In particular, the objectives of the paper are to (1) evaluate the efficacy of WTTE-RNN for prognosis using an industrial dataset and (2) present a technique for preprocessing sparsely sampled histogram data for prognosis.

The following paper is structured as: Section 2 explains the truck-fleet data and its preprocessing steps. The WTTE-RNN algorithm is briefly discussed in Sect. 3, where the Weibull discrete loss function that allows the model to be trained on censored and uncensored failure data is mathematically described. Section 4 presents the experimental cases to extensively analyse the efficacy of WTTE-RNN. Results obtained from the experiments are presented and discussed in Sect. 5. Finally, important conclusions are summarised in Section 6.

2 Dataset description

This section discusses the structure and preprocessing steps for the turbochargers health data obtained from the Scania truck fleet. But first, the physical properties of the turbocharger are briefly discussed in the initial paragraphs.

Turbocharger is a modern improvement in the internal combustion engines, which increases the density of air going into the combustion chamber of the engines. Increased density of the inlet air improves the power output and efficiency compared to a naturally aspirated engine. A turbocharger is powered by the engine exhaust, further information about which can be found in [37]. Turbocharger are critical for a truck’s operations, failure of which results in unplanned vehicle downtime and increased service costs for the maintenance provider.

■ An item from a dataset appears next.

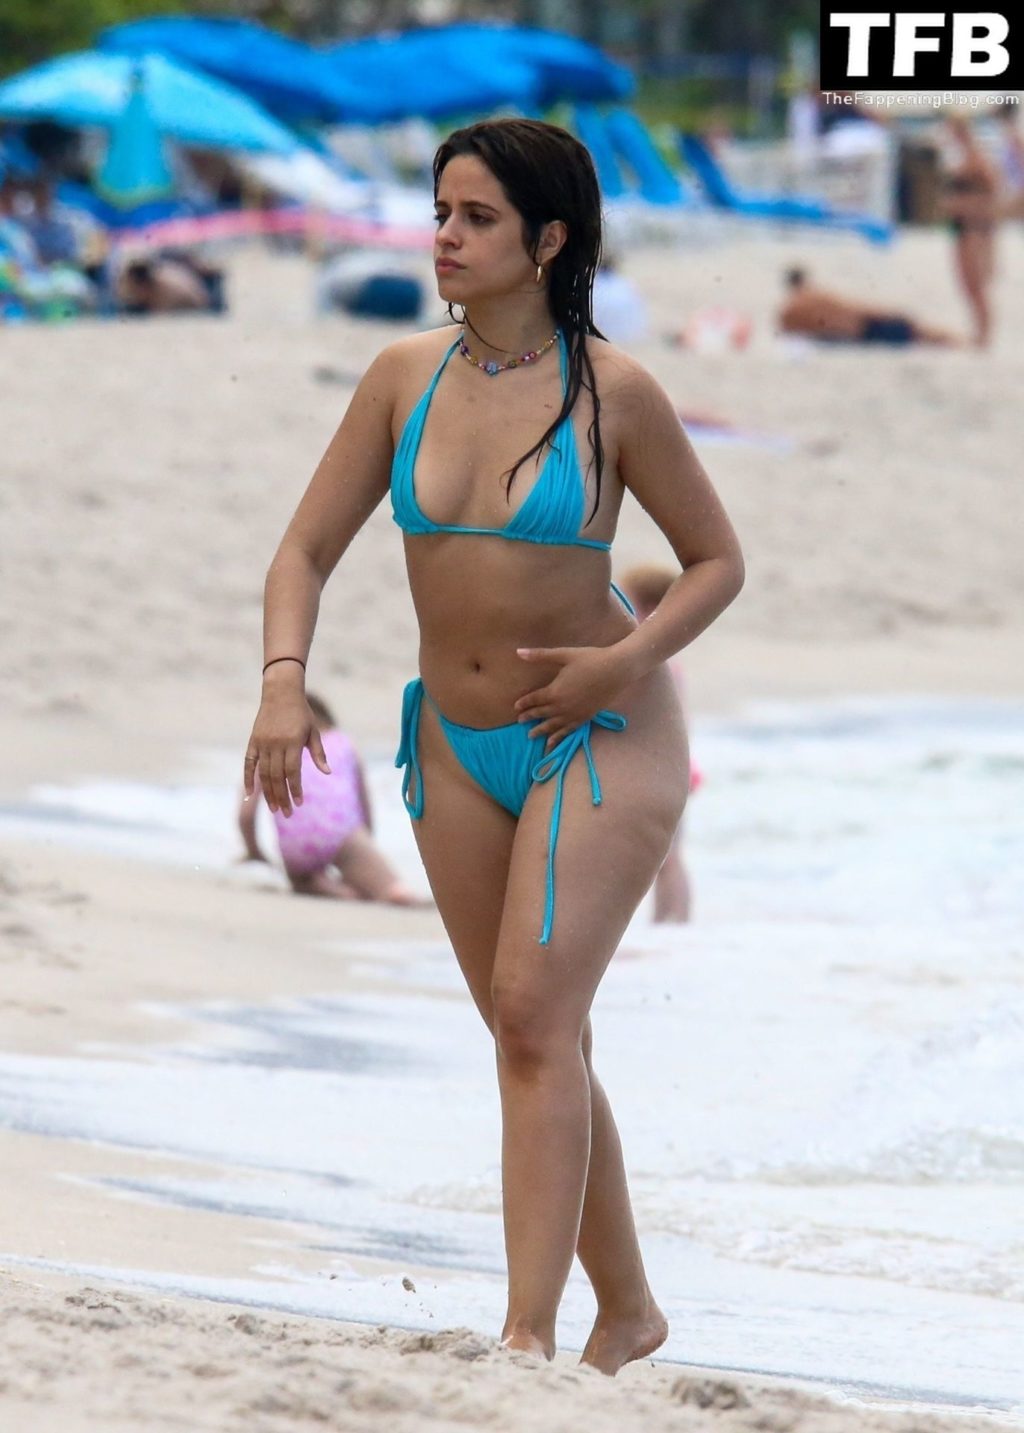 Camila Cabello Sexy The Fappening Blog 17 2 1024x1433 - Camila Cabello Enjoys a Beach Day with Her Girls (38 Photos)

Turbochargers health in the Scania trucks fleet were monitored by recording internal and environmental operating parameters such as ambient temperature and pressure, axle loads, boost air pressure over the course of the trucks’ usage. Each parameter for a given truck was recorded as a histogram, such that the range of possible values for a given parameter was binned by separating it into intervals. The values falling in each of these bins represented the time that truck spent operating in that interval since it was commissioned. Whenever the conditions for sharing the data were met, the values corresponding to the histogram bins were recorded as a snapshot of data. These represented the time spent by the truck in each of those temperature ranges since it was commissioned.

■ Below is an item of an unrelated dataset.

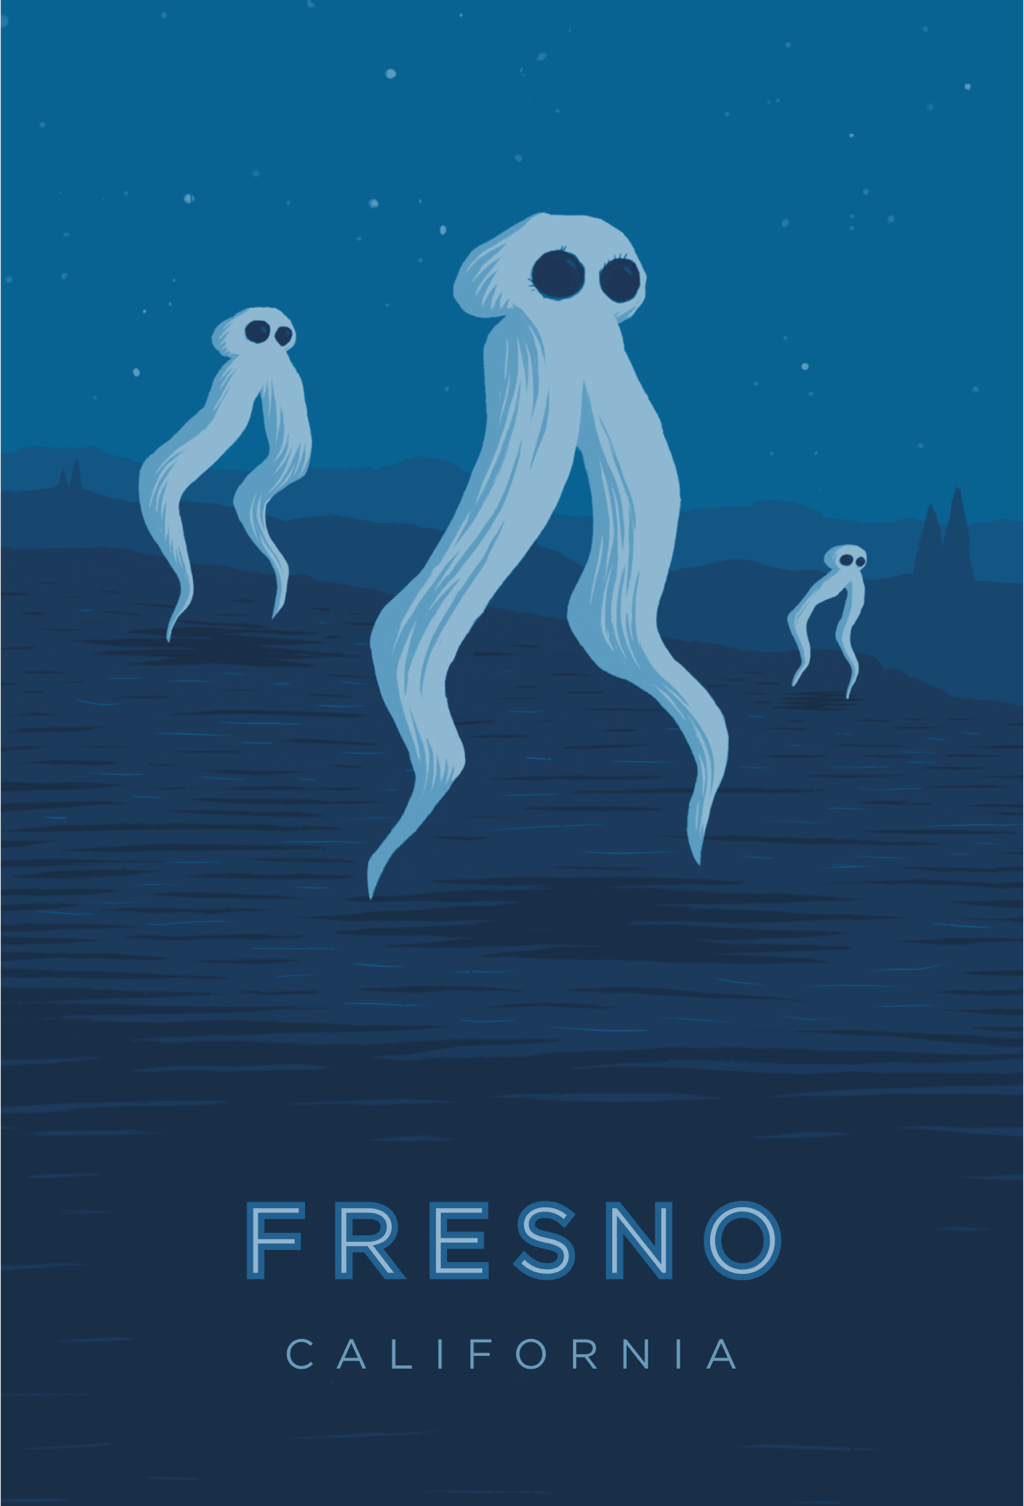 Fresno California travel poster print 6x9

Over the course of observation, a temporal evolution of the histograms could be obtained and analysed for failure prognosis. However, snapshots of these values were recorded at irregular intervals depending on the truck age, data contract with the customers, network capability, etc. This led to irregular and sometimes sparsely sampled time-series data. The number of samples (snapshots of the histograms) per truck ranged from 10 to 30.

The data used for the case study presented herewith were collected from trucks that were monitored for a fixed period of time since they commenced their operations. Within this period, certain trucks experienced turbocharger failures while the rest didn’t. As a result, prognosis here is a survival analysis problem where we have a population of trucks observed over time, and the goal is to predict the time until a new truck fails, given its turbocharger health data.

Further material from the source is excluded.